* [TRY IT]: For the data below, work out the number of lines containing the string "Star" and answer with that number only.
#### RECORDS PROVIDED
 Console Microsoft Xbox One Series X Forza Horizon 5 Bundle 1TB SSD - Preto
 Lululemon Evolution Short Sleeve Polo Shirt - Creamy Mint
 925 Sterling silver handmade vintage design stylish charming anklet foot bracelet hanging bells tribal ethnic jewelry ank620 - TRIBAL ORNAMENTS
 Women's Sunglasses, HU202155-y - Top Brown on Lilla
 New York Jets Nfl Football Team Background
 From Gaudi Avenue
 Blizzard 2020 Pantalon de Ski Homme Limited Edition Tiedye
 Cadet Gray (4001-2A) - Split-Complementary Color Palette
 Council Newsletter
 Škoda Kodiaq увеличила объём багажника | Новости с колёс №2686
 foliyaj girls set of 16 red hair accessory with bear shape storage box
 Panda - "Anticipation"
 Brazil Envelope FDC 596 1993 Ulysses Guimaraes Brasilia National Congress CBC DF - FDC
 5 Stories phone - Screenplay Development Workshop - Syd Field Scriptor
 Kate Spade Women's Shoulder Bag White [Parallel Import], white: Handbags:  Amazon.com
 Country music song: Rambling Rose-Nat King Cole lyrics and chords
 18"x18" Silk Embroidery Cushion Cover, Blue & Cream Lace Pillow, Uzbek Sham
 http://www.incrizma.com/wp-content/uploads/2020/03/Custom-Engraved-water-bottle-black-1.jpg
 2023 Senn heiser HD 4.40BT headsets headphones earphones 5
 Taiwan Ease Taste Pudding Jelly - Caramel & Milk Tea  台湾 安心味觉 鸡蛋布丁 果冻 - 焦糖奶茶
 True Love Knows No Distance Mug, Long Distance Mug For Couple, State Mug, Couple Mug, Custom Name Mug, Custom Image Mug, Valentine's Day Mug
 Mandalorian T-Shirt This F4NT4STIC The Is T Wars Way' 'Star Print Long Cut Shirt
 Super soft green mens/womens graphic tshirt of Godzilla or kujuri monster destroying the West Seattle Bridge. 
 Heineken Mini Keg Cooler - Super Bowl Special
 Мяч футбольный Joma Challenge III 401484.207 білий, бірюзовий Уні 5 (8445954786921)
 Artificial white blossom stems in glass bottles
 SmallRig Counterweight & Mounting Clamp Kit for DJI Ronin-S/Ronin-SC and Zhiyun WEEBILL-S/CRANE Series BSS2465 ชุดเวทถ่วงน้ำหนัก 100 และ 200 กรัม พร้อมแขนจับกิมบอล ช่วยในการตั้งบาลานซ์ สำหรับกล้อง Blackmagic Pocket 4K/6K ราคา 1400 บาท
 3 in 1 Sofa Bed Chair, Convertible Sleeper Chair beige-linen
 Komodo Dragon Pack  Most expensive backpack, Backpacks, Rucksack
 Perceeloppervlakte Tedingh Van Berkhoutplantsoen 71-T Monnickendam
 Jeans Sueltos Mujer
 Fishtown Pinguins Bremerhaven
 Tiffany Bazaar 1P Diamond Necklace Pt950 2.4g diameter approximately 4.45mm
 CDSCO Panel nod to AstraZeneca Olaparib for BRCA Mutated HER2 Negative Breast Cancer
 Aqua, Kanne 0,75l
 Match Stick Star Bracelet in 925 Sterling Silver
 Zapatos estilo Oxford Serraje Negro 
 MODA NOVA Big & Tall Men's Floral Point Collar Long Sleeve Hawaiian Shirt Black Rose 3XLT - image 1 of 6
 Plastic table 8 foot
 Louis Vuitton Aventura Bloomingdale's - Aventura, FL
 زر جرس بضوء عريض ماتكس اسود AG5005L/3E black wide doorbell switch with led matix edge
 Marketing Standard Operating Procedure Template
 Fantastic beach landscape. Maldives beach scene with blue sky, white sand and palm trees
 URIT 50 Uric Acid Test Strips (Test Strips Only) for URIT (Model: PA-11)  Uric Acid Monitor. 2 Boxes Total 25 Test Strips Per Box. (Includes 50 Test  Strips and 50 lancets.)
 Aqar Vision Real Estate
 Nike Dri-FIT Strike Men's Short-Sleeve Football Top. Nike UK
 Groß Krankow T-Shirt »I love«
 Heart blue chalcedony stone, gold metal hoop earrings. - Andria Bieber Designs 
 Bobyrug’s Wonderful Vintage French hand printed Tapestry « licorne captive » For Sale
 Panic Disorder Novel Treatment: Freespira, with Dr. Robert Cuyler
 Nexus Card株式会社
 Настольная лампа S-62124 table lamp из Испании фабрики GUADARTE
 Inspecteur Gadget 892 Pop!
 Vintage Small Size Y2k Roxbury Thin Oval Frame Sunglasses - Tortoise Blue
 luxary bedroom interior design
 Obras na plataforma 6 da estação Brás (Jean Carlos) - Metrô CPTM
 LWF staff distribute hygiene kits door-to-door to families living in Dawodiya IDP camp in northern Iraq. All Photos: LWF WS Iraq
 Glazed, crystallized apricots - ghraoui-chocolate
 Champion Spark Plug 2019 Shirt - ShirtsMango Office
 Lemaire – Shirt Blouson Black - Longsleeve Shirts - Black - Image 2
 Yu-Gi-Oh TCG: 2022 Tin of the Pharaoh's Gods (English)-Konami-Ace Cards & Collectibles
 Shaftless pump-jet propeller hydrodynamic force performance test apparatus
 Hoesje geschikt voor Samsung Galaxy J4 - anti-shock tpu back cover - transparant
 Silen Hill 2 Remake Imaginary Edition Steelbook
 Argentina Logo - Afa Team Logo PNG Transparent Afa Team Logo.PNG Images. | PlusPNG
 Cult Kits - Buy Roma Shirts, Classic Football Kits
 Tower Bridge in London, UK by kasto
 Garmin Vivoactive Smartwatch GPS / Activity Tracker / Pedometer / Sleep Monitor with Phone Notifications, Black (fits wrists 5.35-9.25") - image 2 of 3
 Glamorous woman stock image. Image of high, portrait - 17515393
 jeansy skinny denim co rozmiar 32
########
* [EXERCISE RESULT]: 2